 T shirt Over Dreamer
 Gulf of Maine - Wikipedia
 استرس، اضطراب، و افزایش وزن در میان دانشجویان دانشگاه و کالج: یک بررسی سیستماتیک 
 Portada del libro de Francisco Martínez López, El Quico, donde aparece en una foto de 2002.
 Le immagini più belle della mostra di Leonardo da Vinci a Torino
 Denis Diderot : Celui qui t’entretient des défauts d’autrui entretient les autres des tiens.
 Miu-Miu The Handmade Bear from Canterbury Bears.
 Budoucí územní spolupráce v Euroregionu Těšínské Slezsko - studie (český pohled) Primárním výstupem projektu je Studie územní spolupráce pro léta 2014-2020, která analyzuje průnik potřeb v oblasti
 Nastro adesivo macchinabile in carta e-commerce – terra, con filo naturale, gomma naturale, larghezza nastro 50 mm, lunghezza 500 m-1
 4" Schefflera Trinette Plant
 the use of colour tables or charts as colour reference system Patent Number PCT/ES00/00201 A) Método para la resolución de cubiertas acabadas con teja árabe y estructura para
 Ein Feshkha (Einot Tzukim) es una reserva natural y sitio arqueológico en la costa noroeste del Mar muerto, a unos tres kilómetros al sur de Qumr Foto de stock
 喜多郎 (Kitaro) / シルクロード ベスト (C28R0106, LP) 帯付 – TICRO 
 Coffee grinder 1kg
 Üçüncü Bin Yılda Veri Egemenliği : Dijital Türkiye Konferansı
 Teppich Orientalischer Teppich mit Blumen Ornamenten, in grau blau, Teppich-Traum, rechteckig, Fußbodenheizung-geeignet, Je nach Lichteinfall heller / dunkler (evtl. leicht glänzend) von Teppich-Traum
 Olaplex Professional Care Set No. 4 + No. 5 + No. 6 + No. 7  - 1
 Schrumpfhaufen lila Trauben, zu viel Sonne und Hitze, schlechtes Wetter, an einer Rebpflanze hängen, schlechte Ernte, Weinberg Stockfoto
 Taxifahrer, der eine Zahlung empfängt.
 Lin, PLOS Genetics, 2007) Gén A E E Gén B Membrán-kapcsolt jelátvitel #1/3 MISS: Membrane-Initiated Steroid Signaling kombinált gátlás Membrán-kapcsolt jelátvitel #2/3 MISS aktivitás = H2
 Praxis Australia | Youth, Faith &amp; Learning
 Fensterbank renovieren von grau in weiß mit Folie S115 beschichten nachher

--

Please return every line of the records that contains the word "grau".

 Teppich Orientalischer Teppich mit Blumen Ornamenten, in grau blau, Teppich-Traum, rechteckig, Fußbodenheizung-geeignet, Je nach Lichteinfall heller / dunkler (evtl. leicht glänzend) von Teppich-Traum
 Fensterbank renovieren von grau in weiß mit Folie S115 beschichten nachher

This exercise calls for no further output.